• Dandelions grow in clumps on Cowbar, mainly near the paths where the grass is shorter.
  • It flowers early in the year and keeps going well into the autumn, with one of the longest flowering seasons of any plant.
  • Bees need dandelion as an early source of nectar when they come out of hibernation.
  • Its name is from the French ‘dent-de-lion’ meaning ‘lion’s tooth, because of the plant’s rough, tooth shaped leaves.
  • Egyptians, Greeks, Romans were all familiar with dandelions and they’ve been used in Chinese traditional medicines for over a thousand years. Folk medicine uses it to treat infections and liver disorders. Dandelion tea is a diuretic (makes you pee). Every part of the plant – root, leaves and flower, – is useful for food (e.g. dandelion honey), drink (tea and wine and beer) and medicine and dye.

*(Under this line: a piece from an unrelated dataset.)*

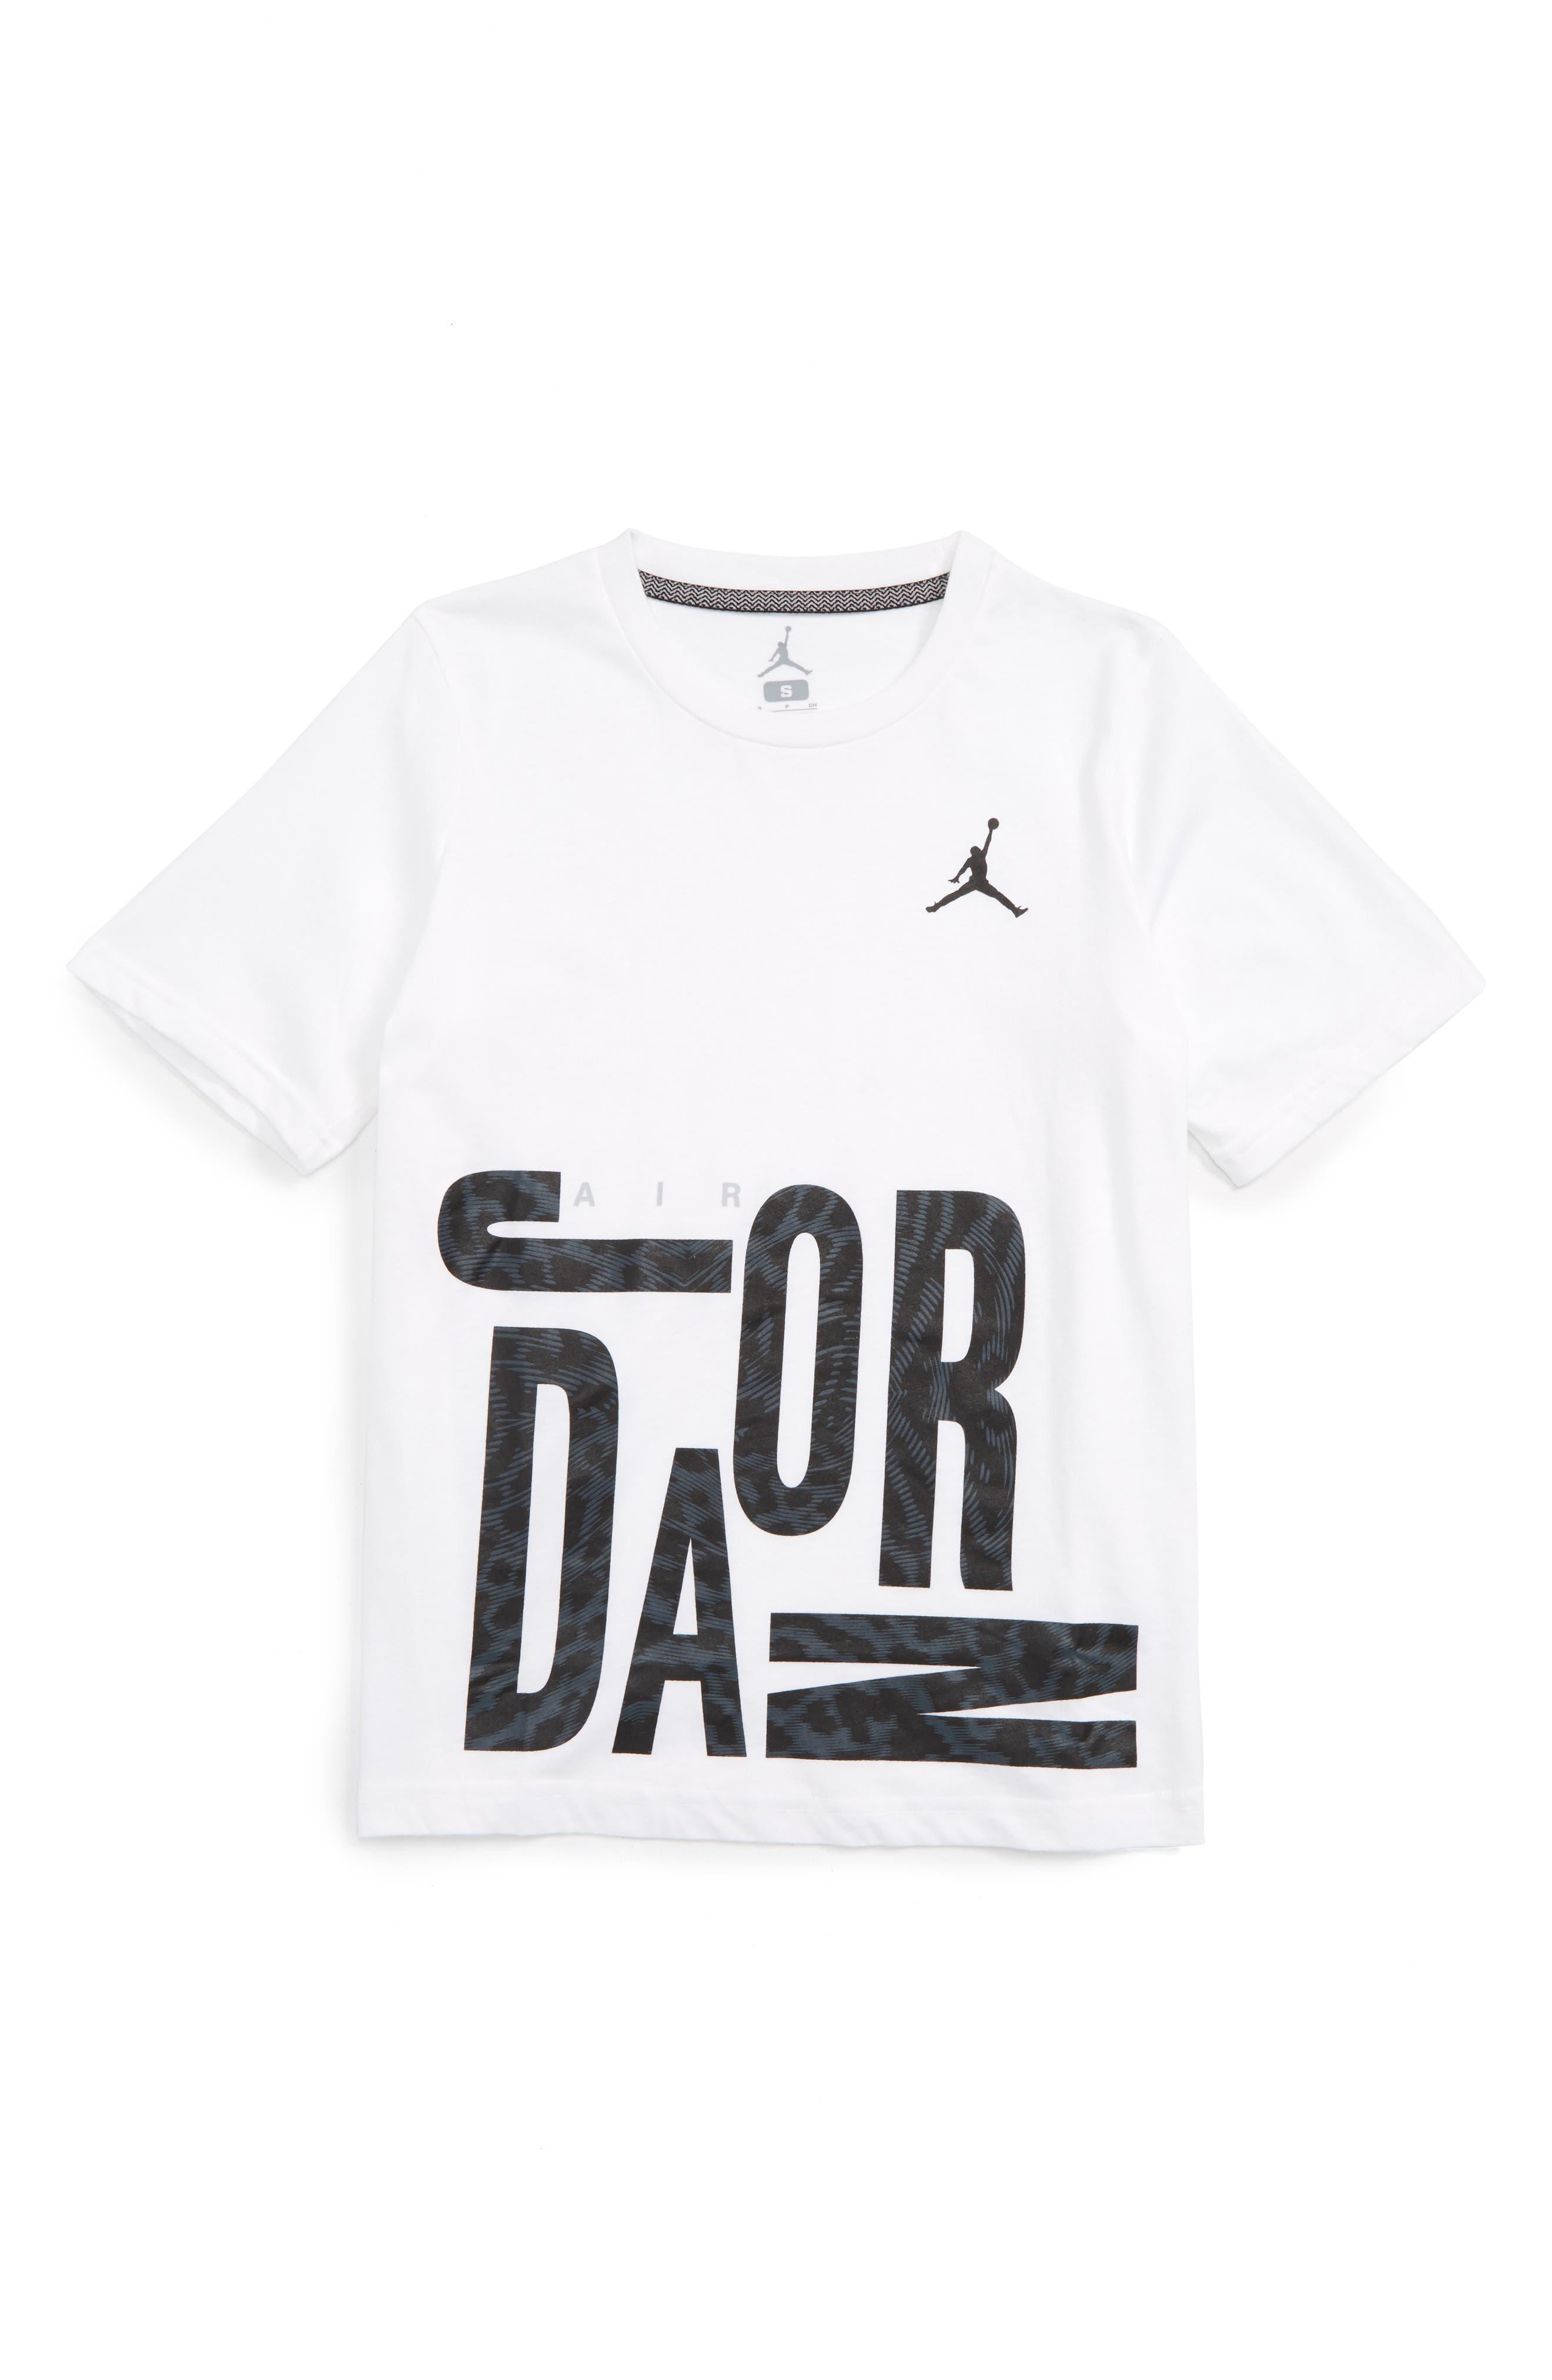 JORDAN Oversize All Shoe Graphic T-Shirt, Main, color, 100
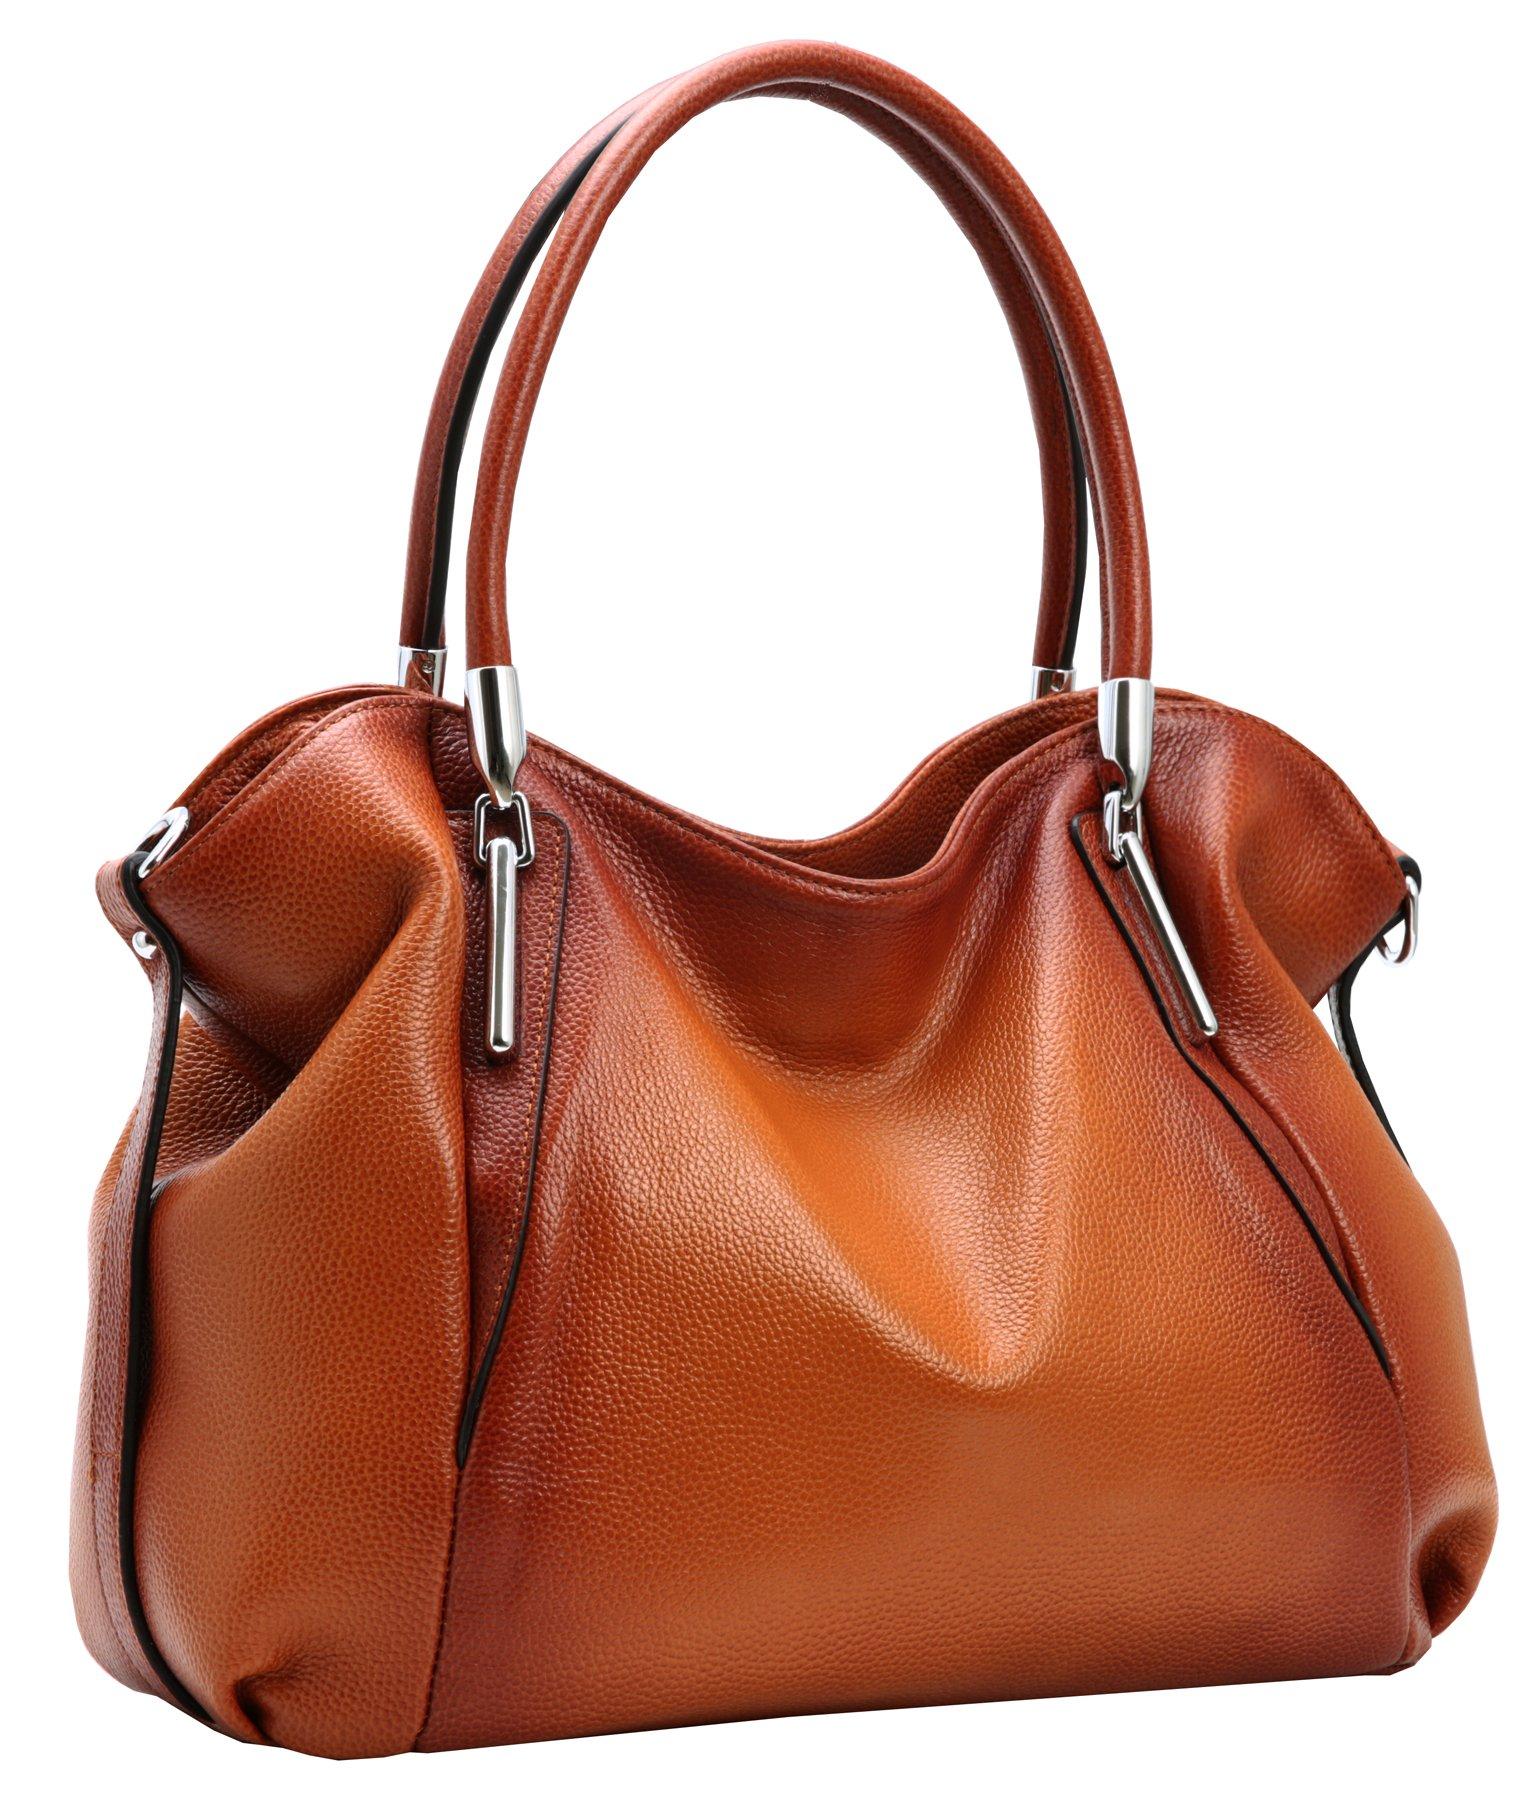 HESHE Womens Leather Handbags Tote Bag Top Handle Bag Hobo Shoulder Handbag Designer Ladies Purse Cross Body Bag (Sorrel)

  • Until the 1800s, people would pull grass out of their lawns to make way for dandelions and other useful ‘weeds’ such as chickweed and chamomile.
  • Dandelions improve soil by loosening it with their roots and adding calcium from their dying leaves. They also help improve acidic soil.
  • If you mow a lawn of dandelions, the plants will just grow back with shorter stems. They are survivors.
  • The flowers do not need to be pollinated to spread seed. The tiny seed parachutes can travel miles from the parent plant.